Websites managing thousands of seasonal references (fashion, toys, electronics) face different issues than niche sites with 50 stable products. The business context dictates the technical strategy, not a blind universal rule.

What does an effective customized 404 page look like to Google?

Google expects a page that properly returns the HTTP 404 code server-side, while also offering a rich user experience browser-side. Too many sites visually show an error but return a 200 code (soft 404), which blocks the de-indexing process.

The page should offer contextually relevant links: products in the same category, comparable alternatives, or even an integrated search. The goal is twofold: to help the lost user AND to reduce the bounce rate that could penalize engagement signals on the site.

  • Real HTTP 404 code returned server-side, checkable via developer tools or a cURL test
  • Useful content on the error page: links to categories, similar products, internal search engine
  • Clear distinction between permanent deletion and temporary stock-out in your stock management strategy
  • Regular monitoring of 404s through Search Console to detect anomalies or broken external links
  • Avoid automatic redirects to the homepage that dilute the signal and frustrate the user

SEO Expert opinion

Is this statement consistent with real-world observations?

Yes, overall.

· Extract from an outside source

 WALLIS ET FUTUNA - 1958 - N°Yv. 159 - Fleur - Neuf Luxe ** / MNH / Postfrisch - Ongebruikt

E-commerce sites applying this logic do indeed see deleted product URLs exit the index more quickly, often within 2-4 weeks depending on crawl frequency. However, Mueller remains silent on a critical point: the transfer of SEO juice.

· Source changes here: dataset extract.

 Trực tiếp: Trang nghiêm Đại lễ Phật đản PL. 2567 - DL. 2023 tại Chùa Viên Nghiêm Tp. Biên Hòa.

When a product disappears but had quality backlinks or a good ranking history, pure 404 means losing that capital. Some practitioners see better results by redirecting to a specific equivalent product (not a generic category), especially if the original URL had significant authority. [To verify]: Google has never provided numerical data on the loss of PageRank in this specific scenario.

What nuances should be considered based on the type of catalog?

The recommendation works well for fast-turnover catalogs with low individual SEO value (fast-fashion textiles, consumables). It becomes questionable for long-cycle products with heavy SEO investment: high-end appliances, B2B industrial, technical niches.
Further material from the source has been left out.